Нью-Йорк! Мне неудержимо захотелось сразу кинуться в «СБЖБ», который был прямо напротив, и по всем остальным клубам и дискотекам города, но меня запрягли на четыре дня безостановочной работы, и за это время мне так и не удалось вырваться даже на часок. Певец был младше меня, парень лет двадцати, и единственное, что он выдал, просмотрев нашу работу с брезгливым видом, было: «Что это за фигня? Вы что, не на Тридцать пятой снимаете?» Я не видел в нем ничего гениального: и рожа и мысли — полная посредственность, однако крупная продюсерская компания, устроившая кастинг под лозунгом «Вперед в XXI век», не найдя ничего выдающегося, все же решила создать «героя» из ничего и как следует раскрутить новую звезду.
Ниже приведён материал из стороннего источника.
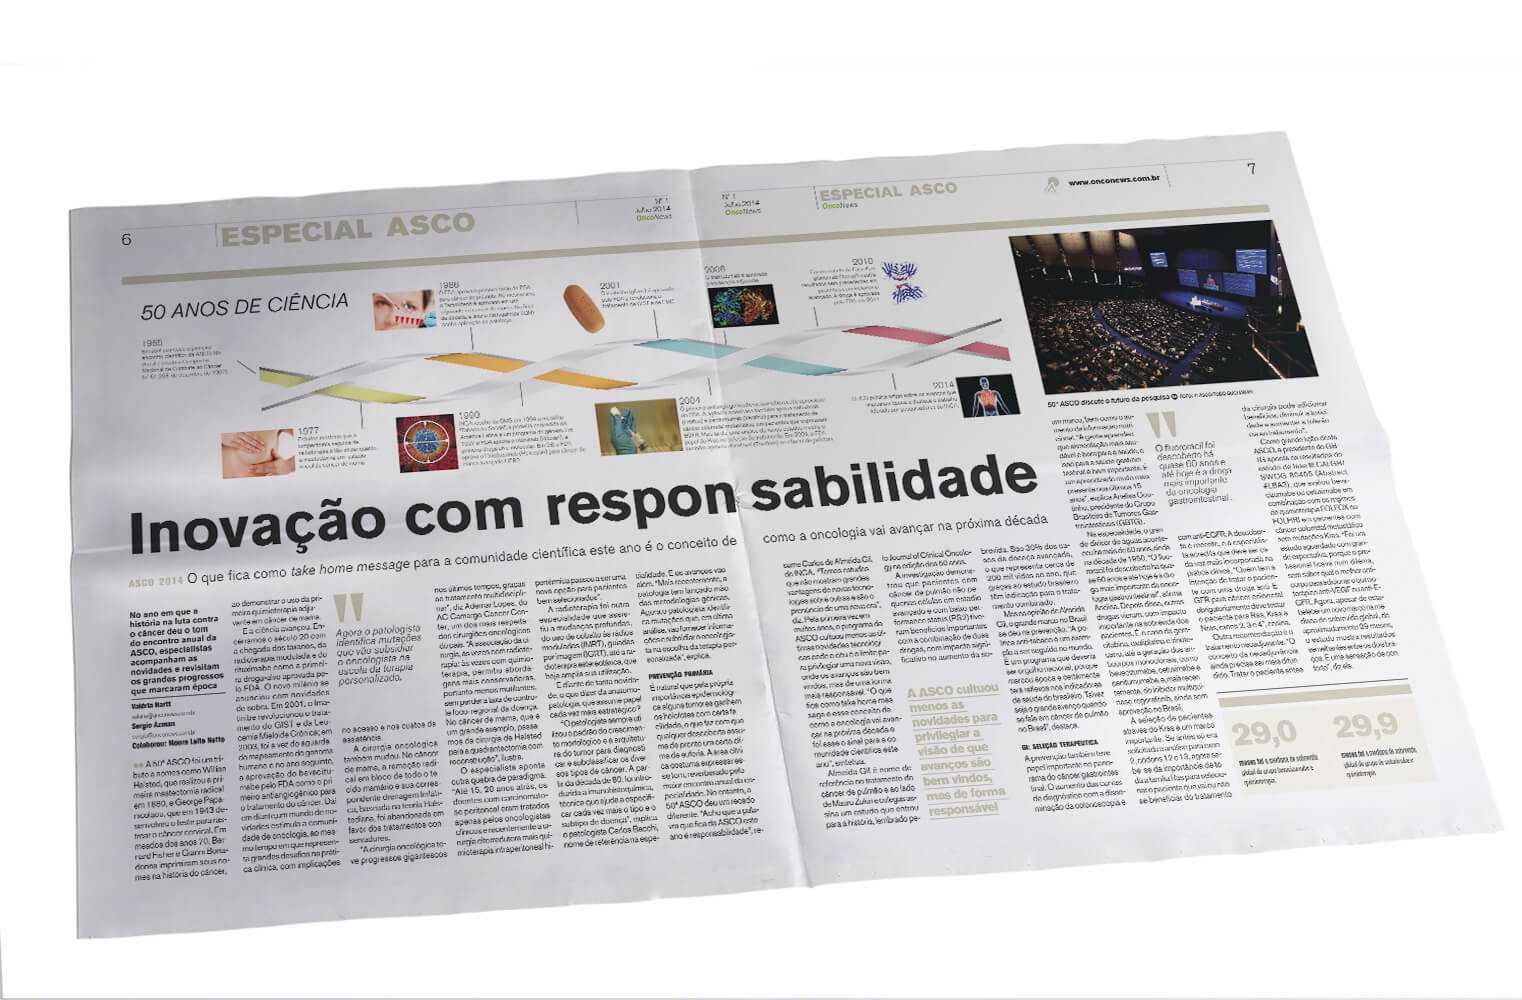 onconews-newspaper_spread-4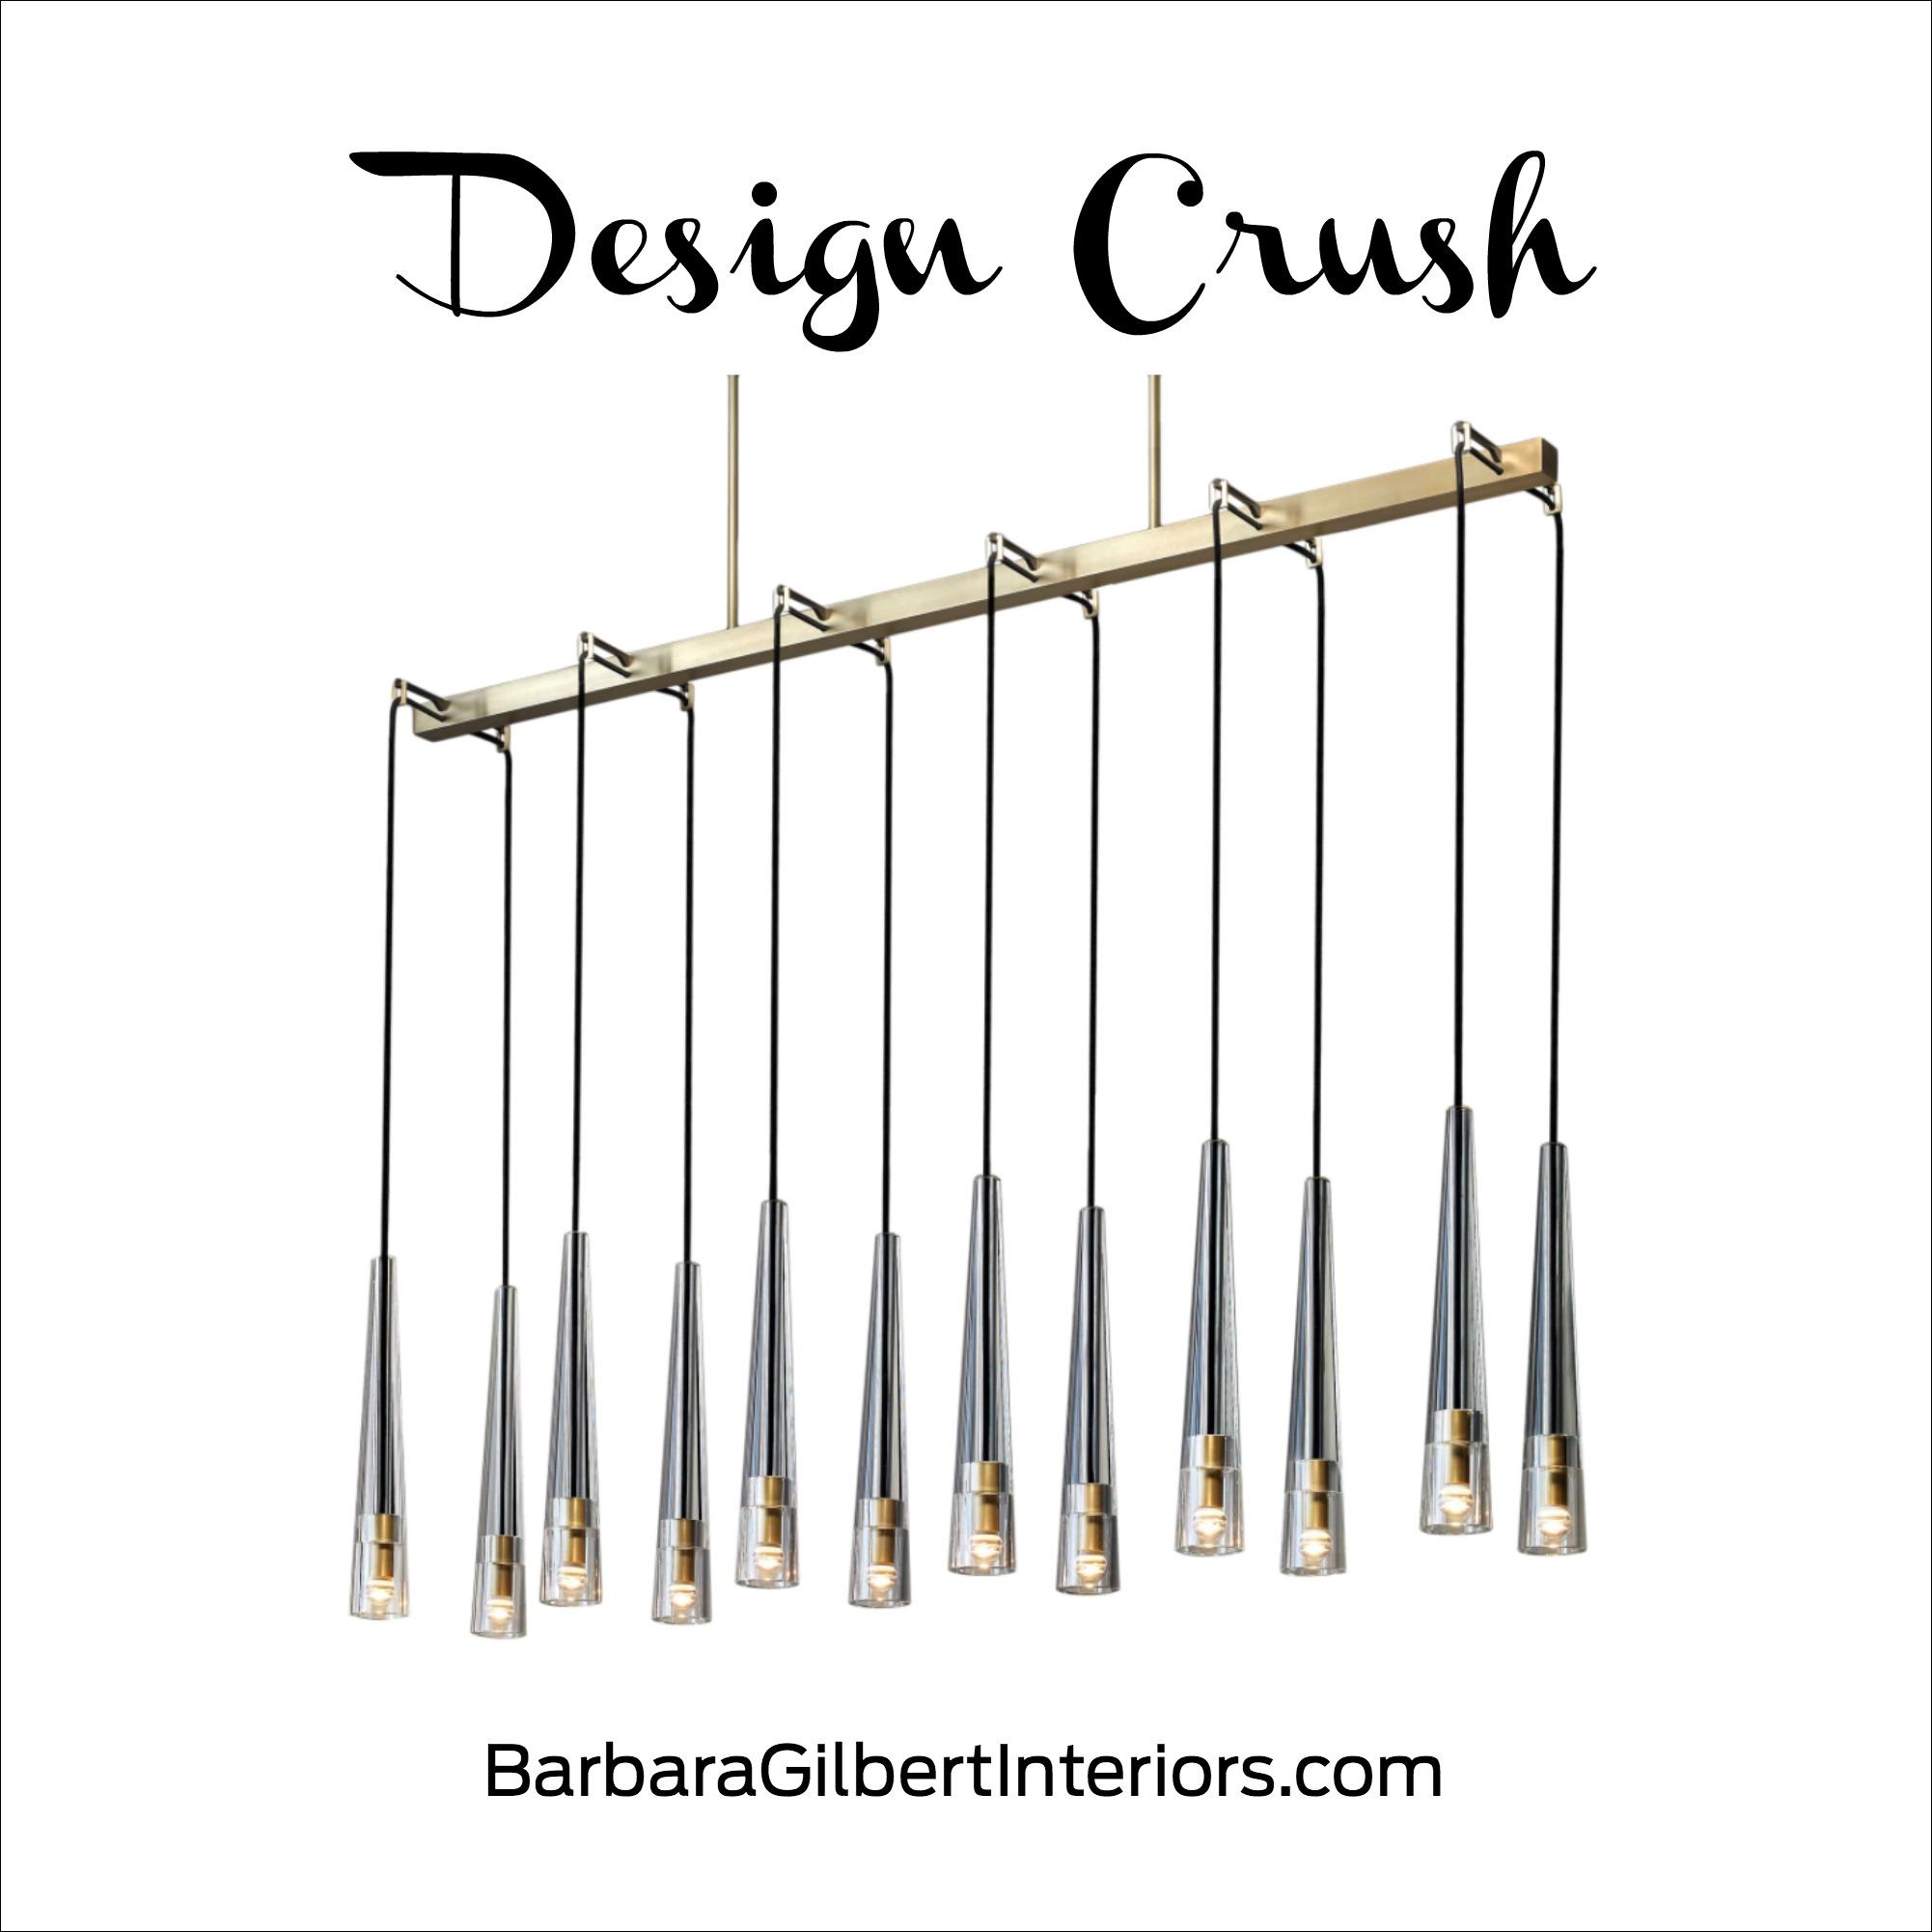 Design Crush: JBS Apollinaire Chandelier | Interior Design Dallas | Barbara Gilbert Interiors

Что до самого героя, то он, для того чтобы подчеркнуть, что он не имеет ничего общего с прочими идолами, которые были до него, везде таскал под мышкой Ницше, Берроуза или, скажем, Артура Кларка. На вопрос: «Ваши любимые исполнители?» — он довольно сухо отвечал: «Дилан, Лу Рид и Руиши Сакамото» — так запросто и, пожалуй, даже не подозревая о том, какой ужас охватил бы всех троих, если бы они его слышали. Словом, можно было и не обладать тонким эстетическим чутьем, чтобы понять, что в данном случае ты имел дело с жалкой подделкой, несмотря на бешеный успех, который новоявленная звезда снискала у толпы безбашенных подростков, пройдя за полгода в Японии через руки выдающегося артиста, оставшегося не у дел из-за слабой раскрутки, недостатка видеоклипов и афиш, — Нью-Йорк, одним словом. Между собой члены группы называли его «мартышкой». Не знаю, правда ли это, но на прослушивании он, кажется, сказал, что был ассистентом у дрессировщика обезьян; все долго смеялись. Мартышка сразу же зацепился за дурацкую идею клипа «Быть на обочине вместе с бомжами», и всем нам пришлось проводить дни напролет в квартале Бауэри в сопровождении двух охранников, которые шатались там. всем своим видом показывая, что не понимают, что они здесь забыли, в то время как мы щелкали фотоаппаратами и снимали клип в окружении вонючих бомжей, от которых несло перегаром.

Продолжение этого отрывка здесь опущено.